#  >  > Cinema, Music , Entertainment >  >  > Entertainment HUB >  >  > Cinema & Movies >  >  Which are your favorite movies in other languages?

## Bhavya

Hello Friends,

We all love to watch our native movies but sometimes we fell in love with other language movies like I love most of the Hindi movies like dhadak, my name is Khan, Padmavati,dilwaale, Happy new year and so on. So guys which are your favorite movies in other languages?

----------


## subasan

> Hello Friends,
> 
> We all love to watch our native movies but sometimes we fell in love with other language movies like I love most of the Hindi movies like dhadak, my name is Khan, Padmavati,dilwaale, Happy new year and so on. So guys which are your favorite movies in other languages?


I've a numerous list of movies. I'll list some. 

Seven Samurai, Rashomon - Japanese
303 - European (multi language)
Parisienne - French 
The Girl with the dragon Tattoo series - Swedish
A Taxi Driver - Korean, English
Your Name - Japanese
Sicario - English, Spanish

----------


## Bhavya

> I've a numerous list of movies. I'll list some. 
> 
> Seven Samurai, Rashomon - Japanese
> 303 - European (multi language)
> Parisienne - French 
> The Girl with the dragon Tattoo series - Swedish
> A Taxi Driver - Korean, English
> Your Name - Japanese
> Sicario - English, Spanish


Oh god, you are watching movies in multi languages, I usually watch Tamil , English and Hindi movies and I love to watch korean dramas as well. Do you watch them with subtitles or you can understand the languages?

----------


## subasan

> Oh god, you are watching movies in multi languages, I usually watch Tamil , English and Hindi movies and I love to watch korean dramas as well.
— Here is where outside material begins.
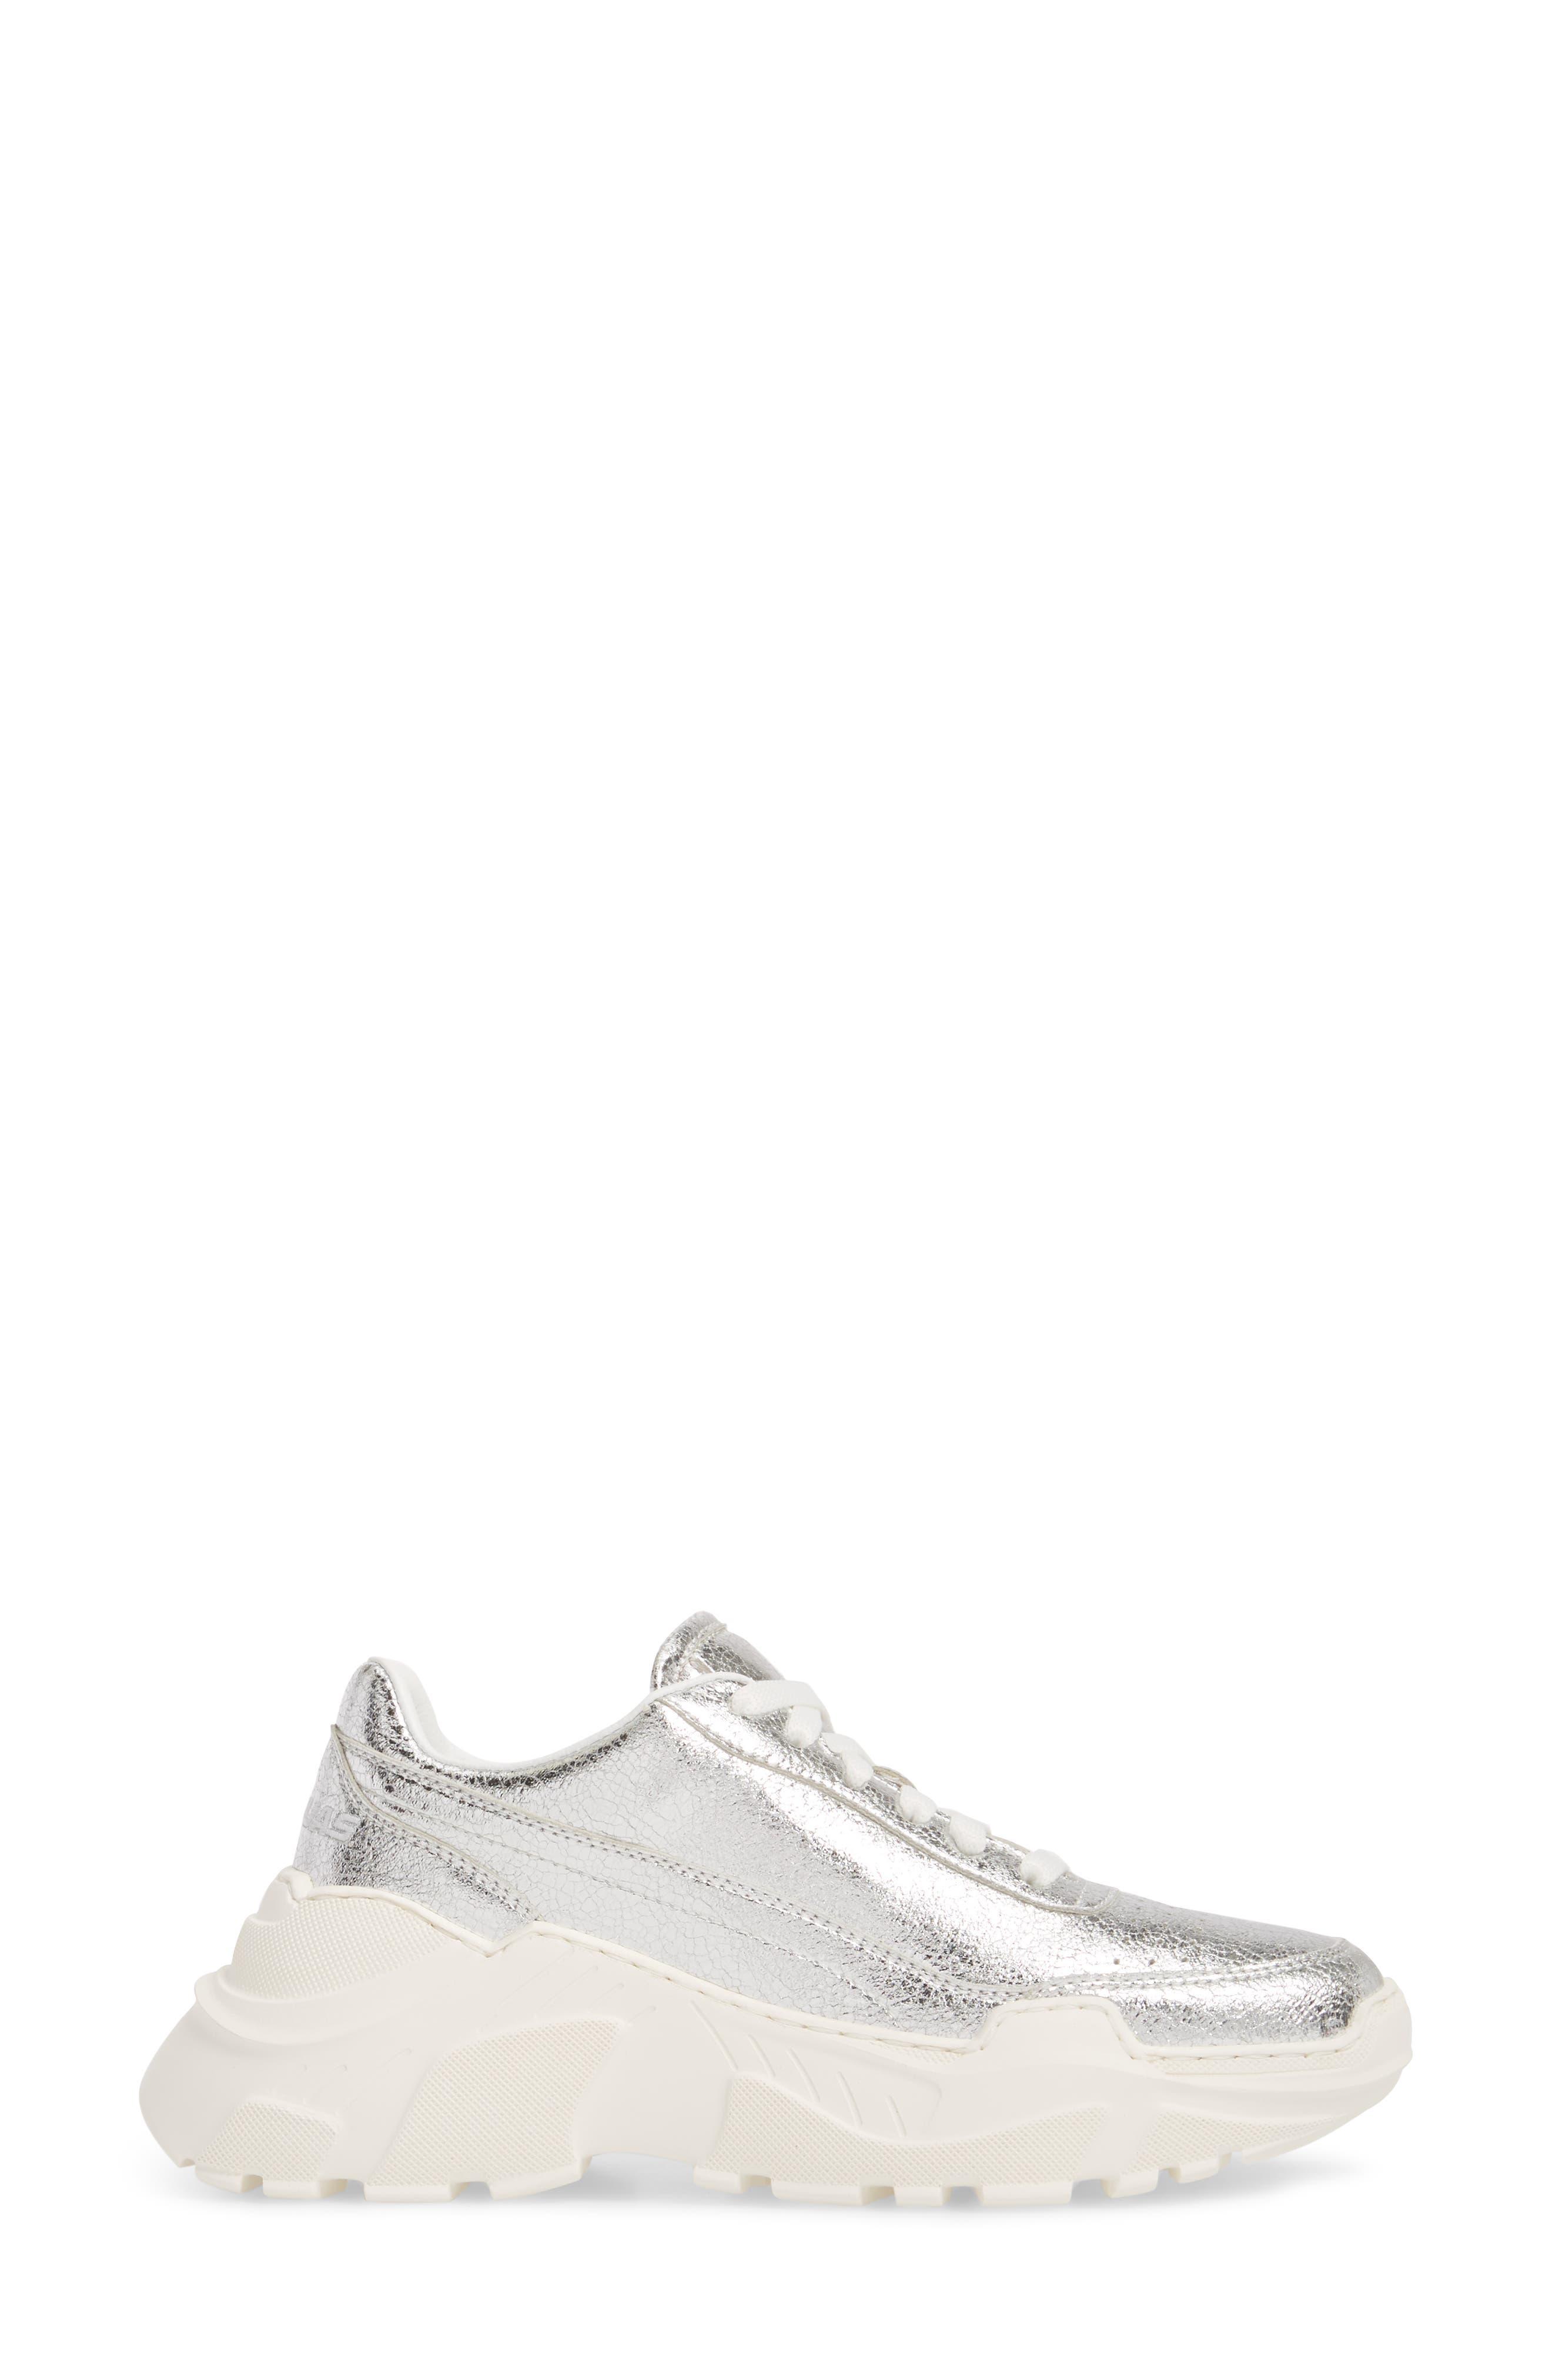 Zenith Sneaker,                             Alternate thumbnail 3, color,                             020

Do you watch them with subtitles or you can understand the languages?


Obviously I use subtitles for unknown languages but you don't need subtitles to get the essence of the movie.

----------


## Bhavya

> Obviously I use subtitles for unknown languages but you don't need subtitles to get the essence of the movie.



I agree with you we don't need language to understand the feelings and emotions in the movie

----------